Кусочки сна, и не более того…
Главное – не смотреть. Туда, в зеркало. Смотреть можно лишь сбоку, под определенным углом. Кингсли специально предупредил. Это зеркало не такое, как все. Оно опаснее всех остальных. Я подцепила его пинцетом и достала из ванночки, осторожно, отражающей поверхностью от себя.
Осколок был маленький, размером с игральную карту, не больше. Как обычно, неправильной формы. Просто кусочек разбитого вдребезги целого. Меня била дрожь. Я положила осколок на стол, зеркальной поверхностью вниз. Нужно вернуться в ту комнату и взять сумку Павлина. Специальный чехол. Но когда я повернулась к двери, там стояла она. Женщина, которую я видела внизу. Она стояла в дверях и все так же водила руками по воздуху, но теперь уже более твердо, не так рассеянно.
Это она делала фотографии?
Она попыталась заговорить, но у нее ничего не вышло. Только невнятное бормотание, невразумительный набор звуков. Она то и дело хлопала себя по рукам, по плечам – словно сбивая воображаемое пламя. Теперь я все поняла. И разглядела печаль, страшную, неизбывную, всепоглощающую печаль, которую видела столько раз прежде; печаль, которой пронизано все, что так или иначе соприкоснулось с осколками этого зеркала.
– Пожалуйста…
Всего одно слово. Все, что она смогла произнести. А потом она шагнула вперед. Глядя на зеркало, что лежало теперь на столе рядом с ванночкой для проявки. Проходя мимо, она задела меня, и я подвинулась, освобождая дорогу.
Мне хотелось скорее закончить все это. Я пошла в ту, вторую, комнату. Кое-кто из застывших людей очнулся. Они шевелились, двигали руками, медленно вертели головой. Один мужчина лежал на полу и стонал. Еще один парень шагнул вперед, неуверенно, осторожно. Как будто перешагнул через порог. Павлин с Хендерсон тоже уже приходили в себя. Просыпались. Во мне поселилась уверенность, что теперь все будет хорошо и вместе мы справимся. Обязательно справимся.

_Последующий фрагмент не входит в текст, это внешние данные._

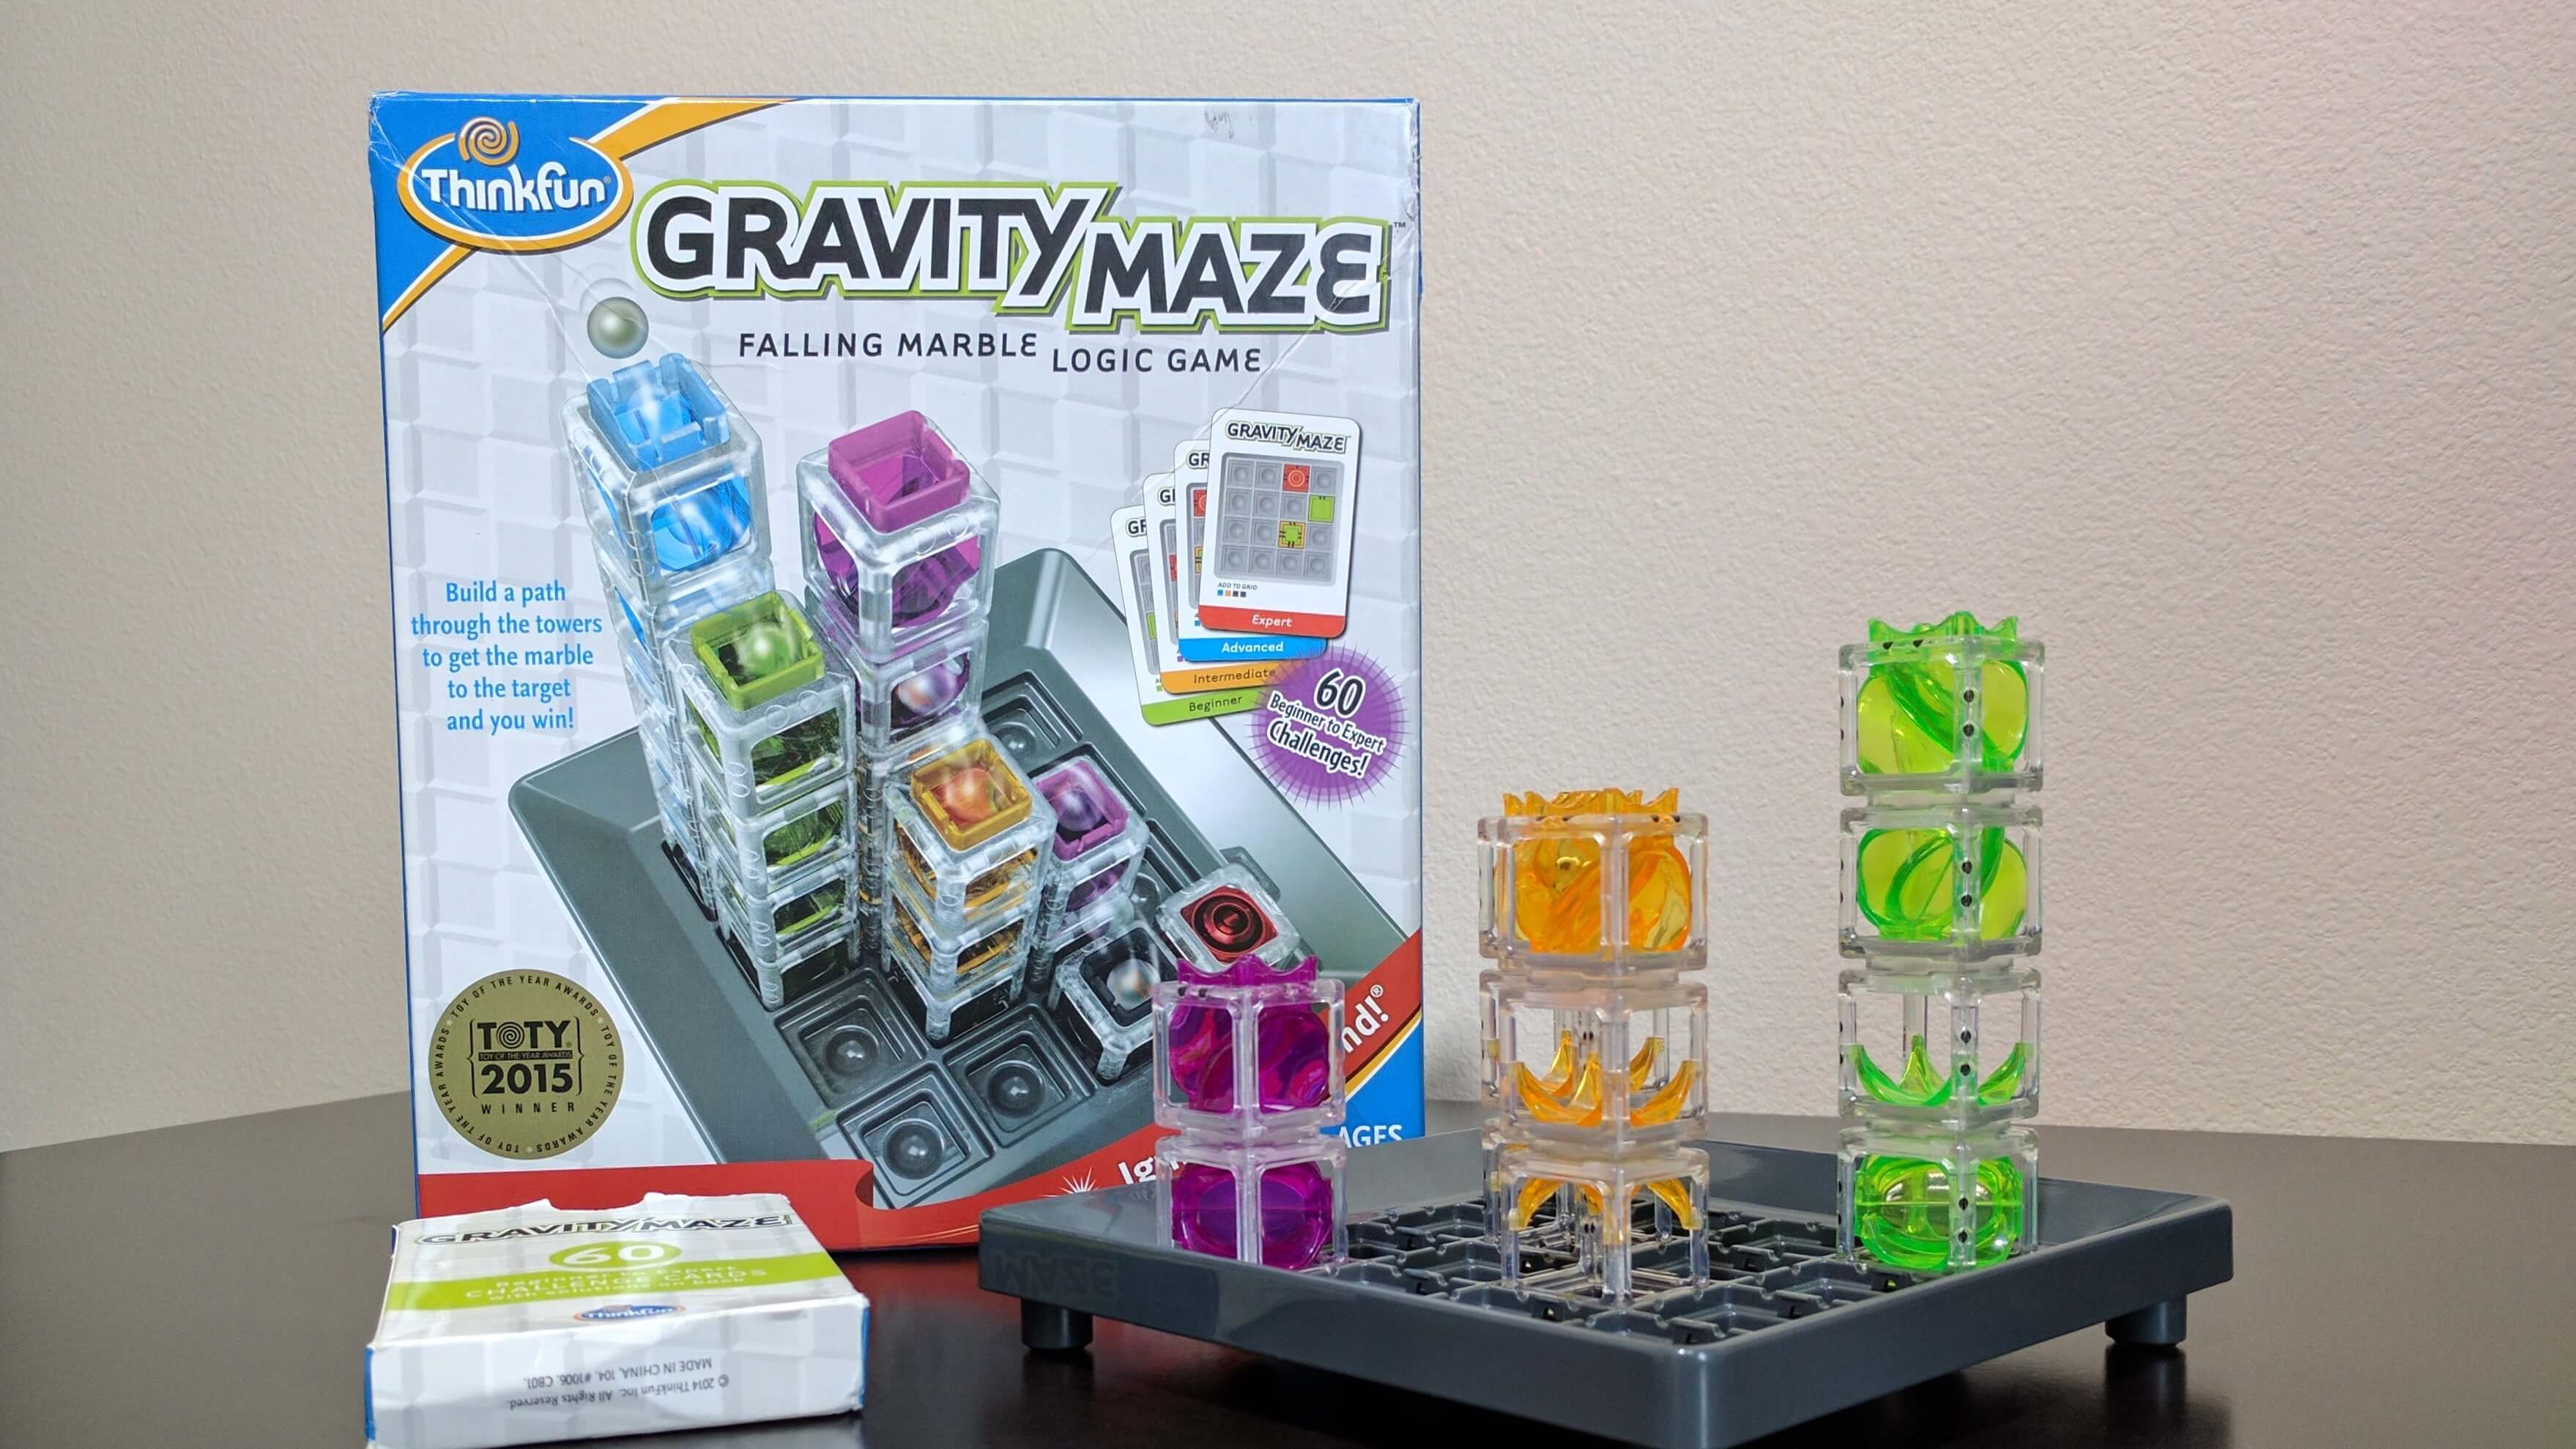 Our Heavy Review of Gravity Maze - Learn Richly

А потом я увидела девочку, Тапело. Она стояла в дверях. – Что здесь происходит? – спросила она, оглядев комнату.
И тут раздался еще один голос.
Я обернулась. Та самая женщина. Она нацелила на меня объектив фотокамеры, и мне показалось, я вижу, как открывается линза – чтобы вобрать и меня тоже в свое потайное пространство. Это было приятное ощущение. Как будто тебя обнимают, так ласково. Быстрая серия вспышек, мягкие желтые завитки перед глазами, черный силуэт женщины на желтом фоне, а потом я отвернулась или попробовала отвернуться, пока линза опять не закрылась и не заперла меня там, внутри, насовсем, но все вдруг стало таким далеким, и я уже не могла пошевелиться, то есть по-настоящему пошевелиться, я уже ничего не могла.

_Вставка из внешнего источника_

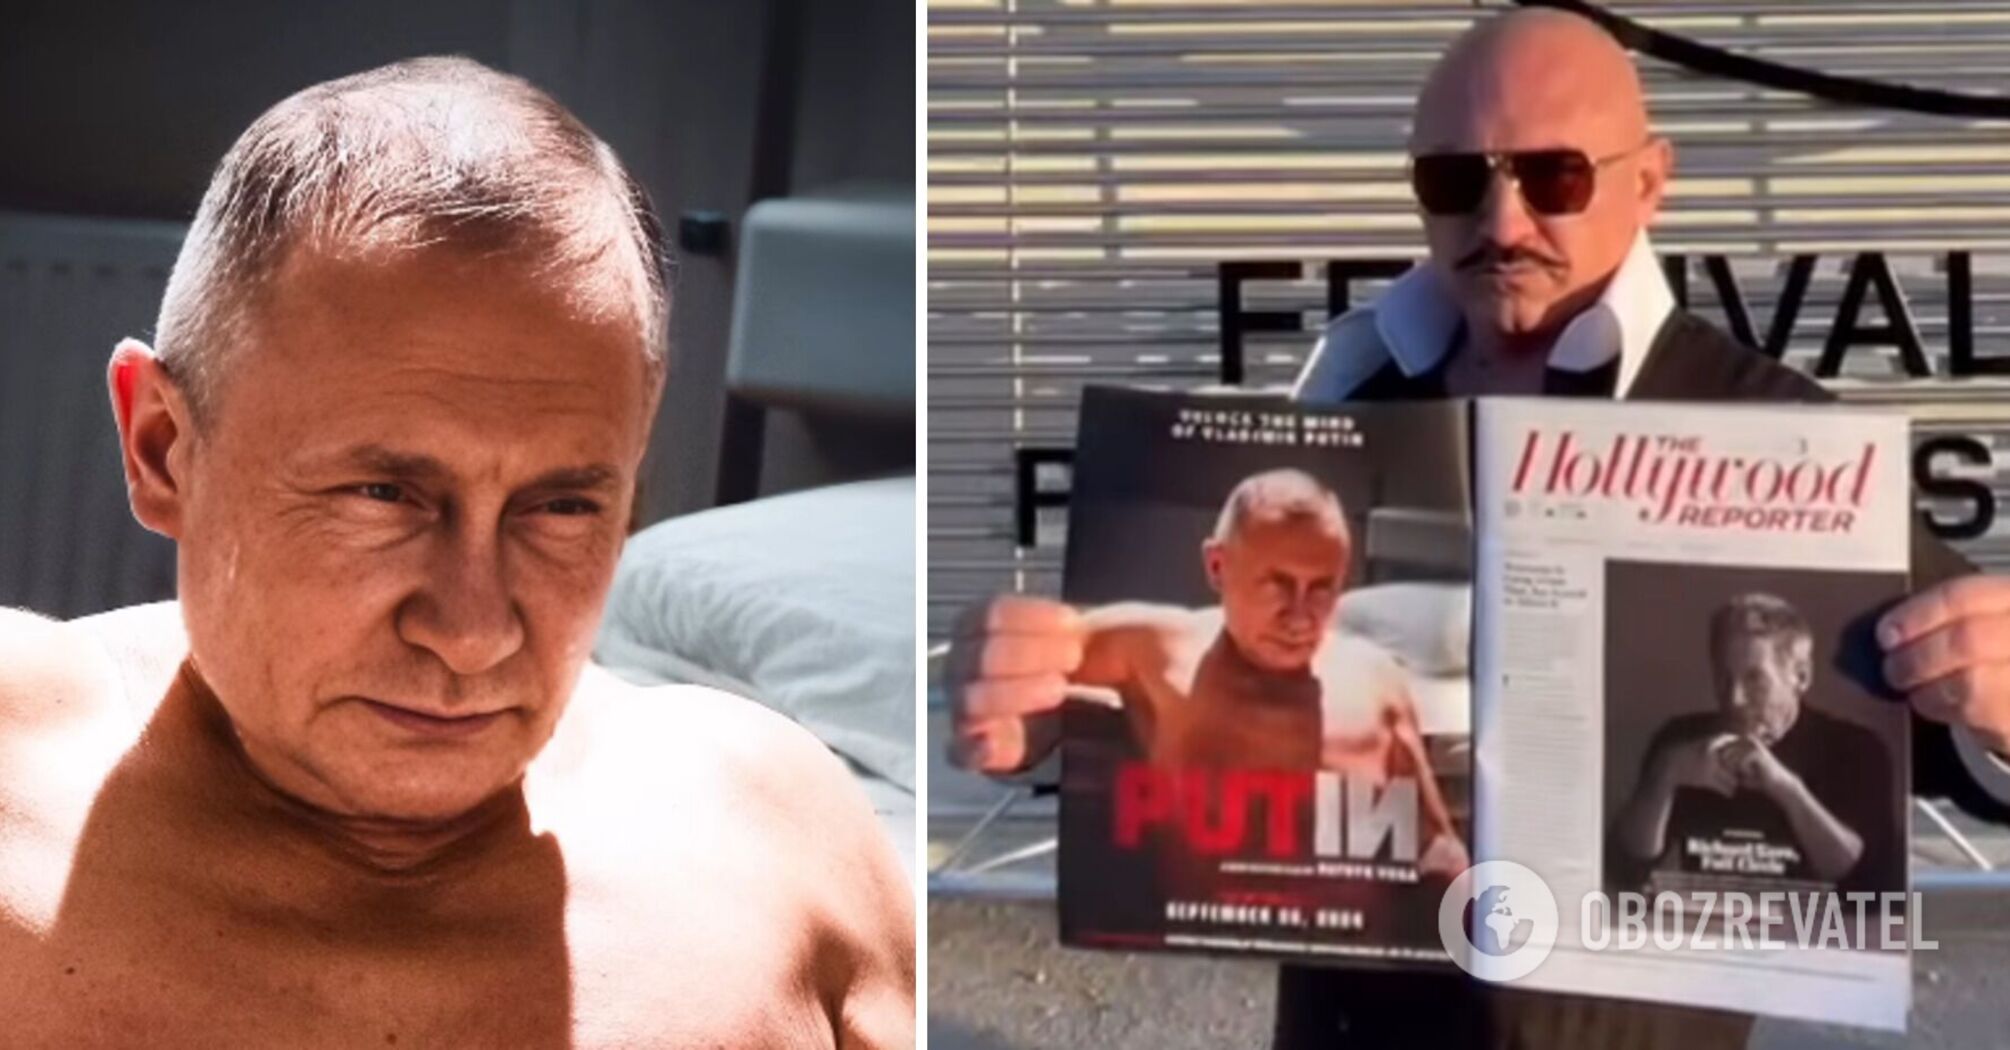 A movie with a happy ending about Russian dictator Putin was shown in Cannes: he dies in the finale

Я плыла сквозь какую-то странную жидкость. Больше я ничего не помню. Сквозь текучее серебро. Просто плыла, покачиваясь на поверхности, а потом вдруг стала падать. Не погружаться, а именно падать. Сквозь жидкость.
В темноту.
Больше я ничего не помню. Ничего.
Движение, шум. Россыпь света. Меня тащили по лестнице, вниз. Я спотыкался на каждой ступеньке. Голос той женщины. Долгий, протяжный крик. Жуткий вой. Кто-то держал меня за руку. Девочка, Тапело. Она тянула меня за собой. Вниз по лестнице, через заднюю дверь – во двор.
– Пойдем, Марлин. Пойдем!
– А где остальные? Где все?
– Уже идут. Марлин, пойдем.
Глаза по-прежнему горели, обожженные горячим химическим блеском. Перед глазами стоял темный силуэт, отпечатавшийся на сетчатке. Я вообще ничего не видела, пока не появилась Хендерсон. Она возникла словно ниоткуда, проломив призрачный образ.
– А где…
– У меня. – Хендерсон показала мне маленький сверток из плотной ткани.
– Что там? – спросила Тапело. – Можно мне посмотреть?

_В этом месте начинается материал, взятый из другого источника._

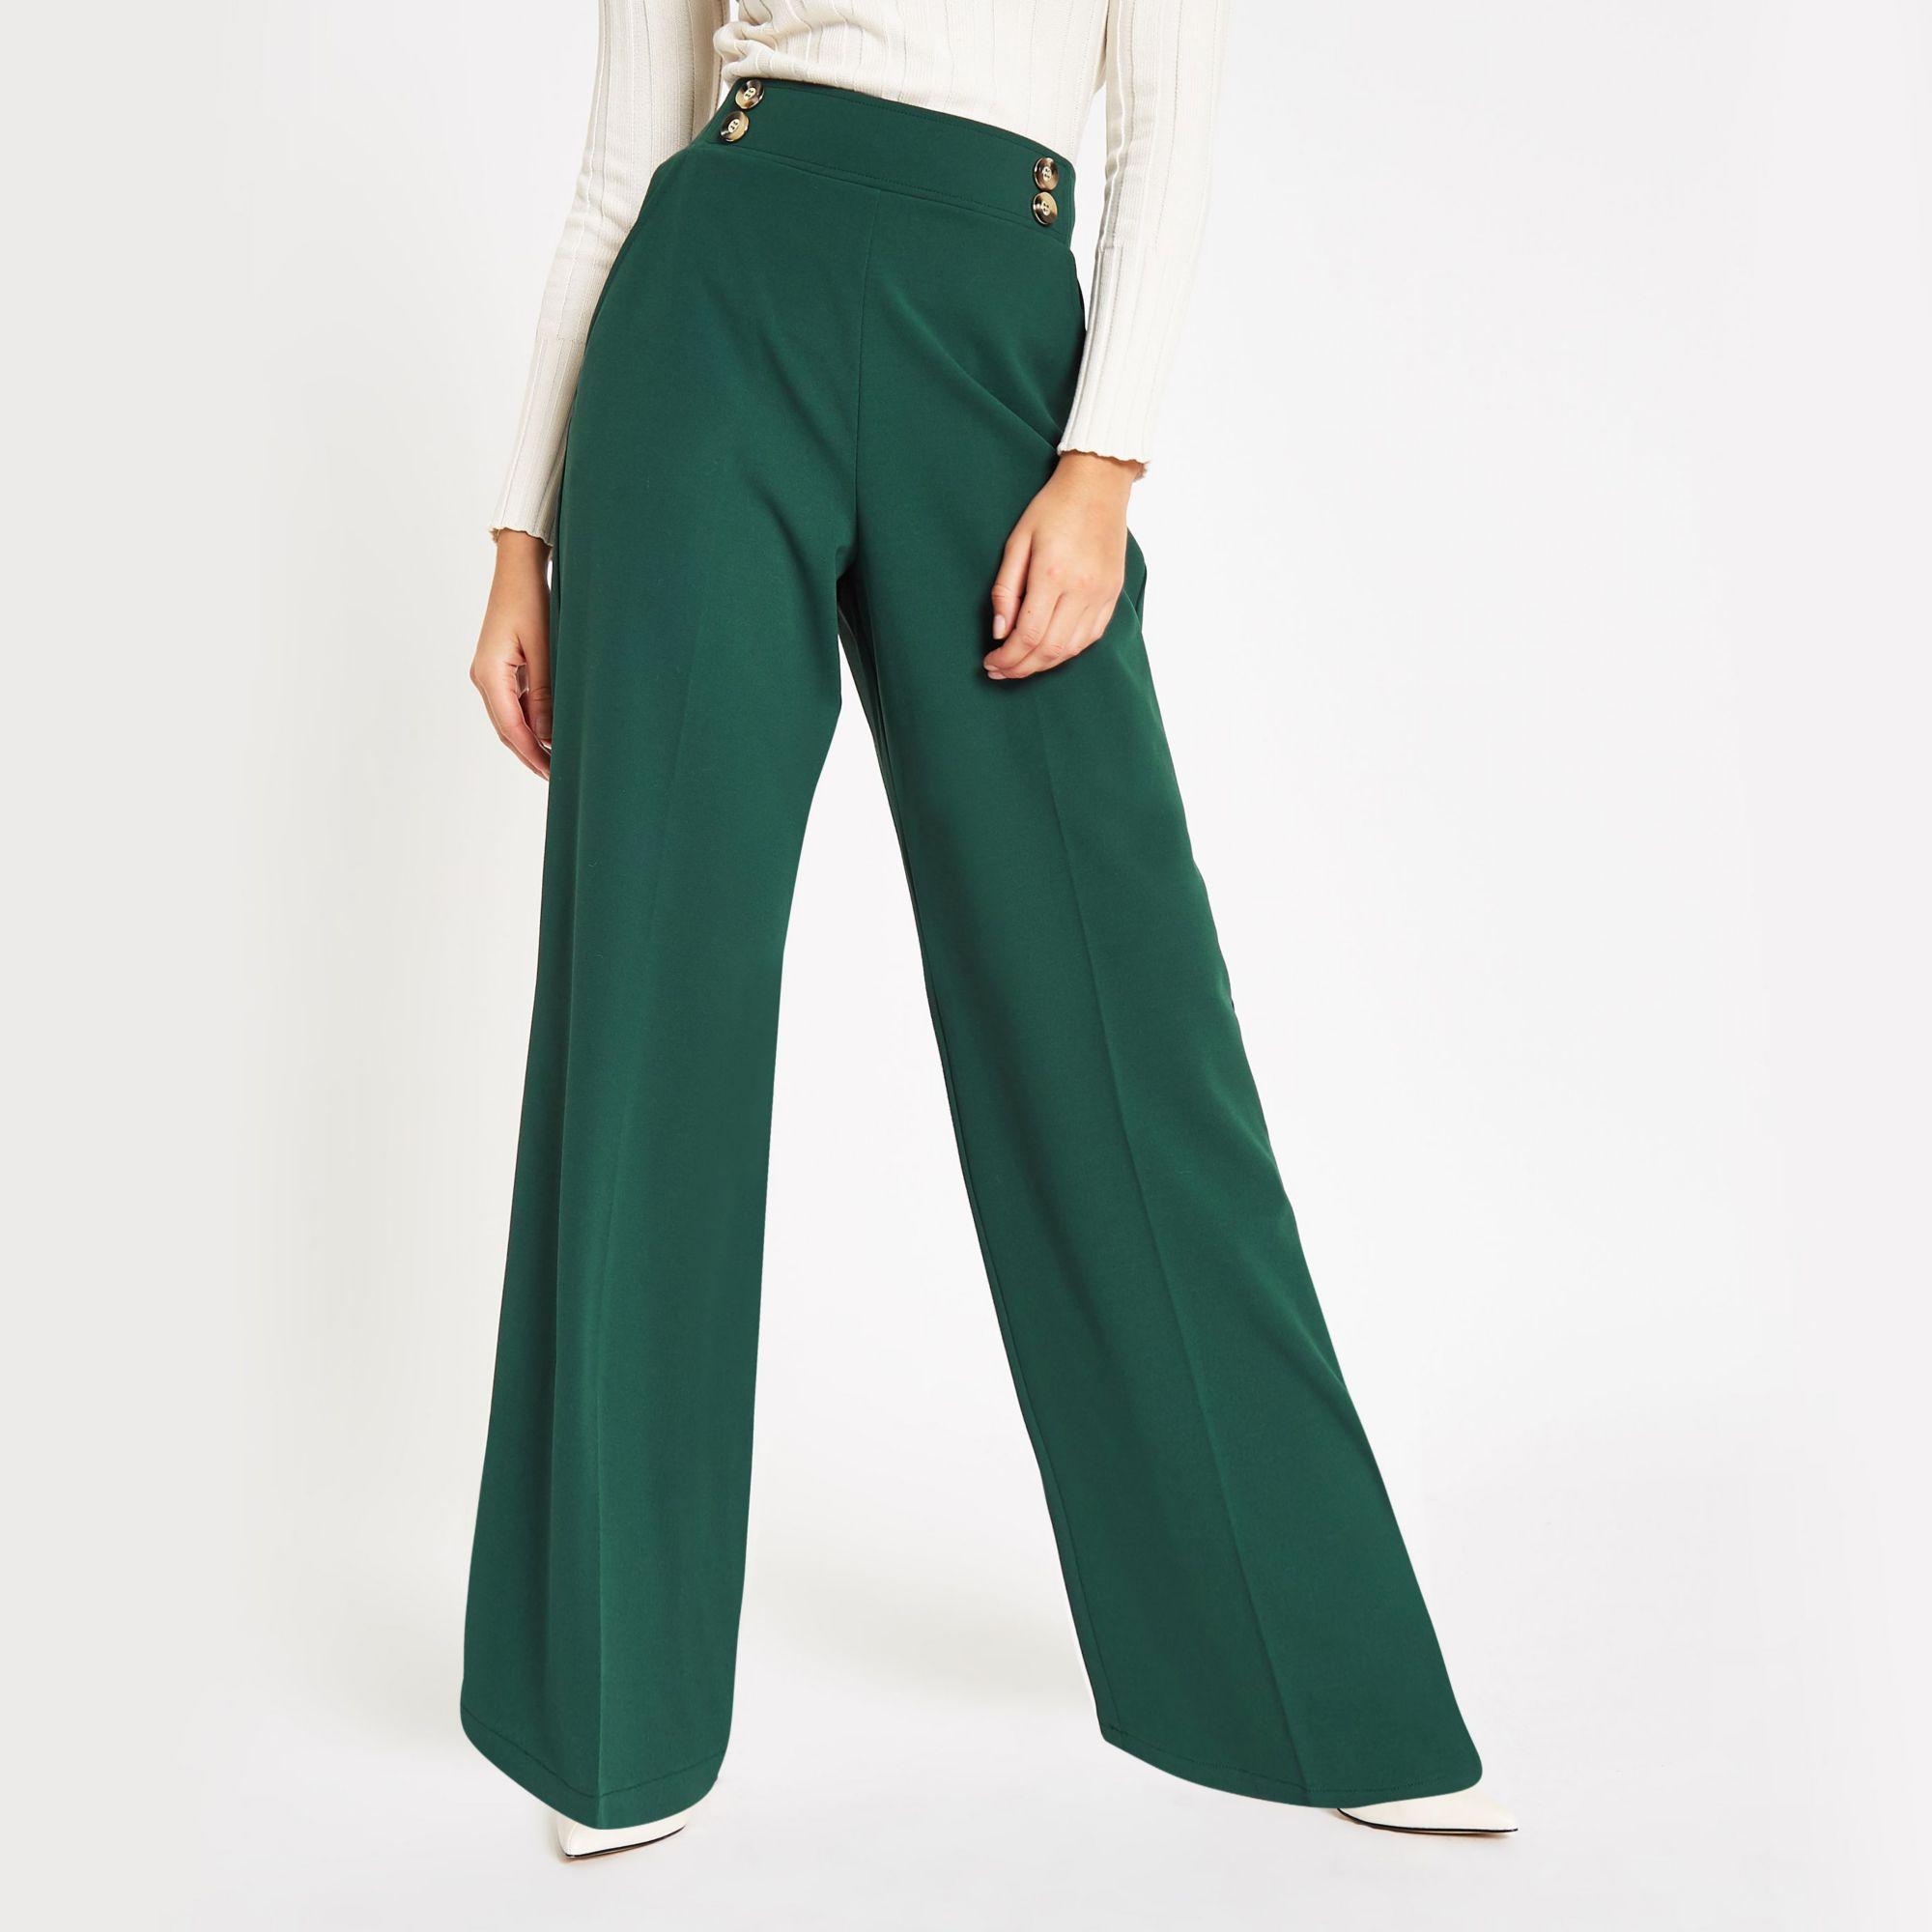 How to Style Wide Leg Trousers for Fall and Winter

Павлин вышел наружу. В руке у него был пистолет.
– Черт, – сказала Тапело.
– Уходим.
Павлин пошел первым, мы – следом за ним. По переулку, на улицу. И Тапело увязалась за нами. Дошла с нами до самой машины, забралась на заднее сиденье.
– Это еще что такое? – спросила Хендерсон.
– Я…
– А ну вылезай, нах.
– Слушай, я же вам помогла. Я вам помогла.
Хендерсон схватила ее за куртку, вытащила из машины. Влепила спиной в стену.
– Эй, ты полегче!
– Иди домой, девочка.
– Что?
– Я сказала, иди домой, нах.
Я хотела вмешаться. Я правда хотела вмешаться. Хотела что-нибудь ей предложить, этой девочке. Только что я могла ей предложить? И что я могла сделать? Когда Хендерсон вот так вот психует, тут умри все живое.
– Оставь ее, – сказал Павлин.
Вот так все просто. Хендерсон отпустила Тапело и вернулась к машине.
– Ну ладно, блядь. Хорошо. Как скажешь.
Вот так.
Я посмотрела на девочку и отвернулась. Мне пришлось отвернуться. Павлин уже открывал багажник, чтобы положить туда зеркало. Ради него мы сюда и приехали. Теперь дело сделано, и все же…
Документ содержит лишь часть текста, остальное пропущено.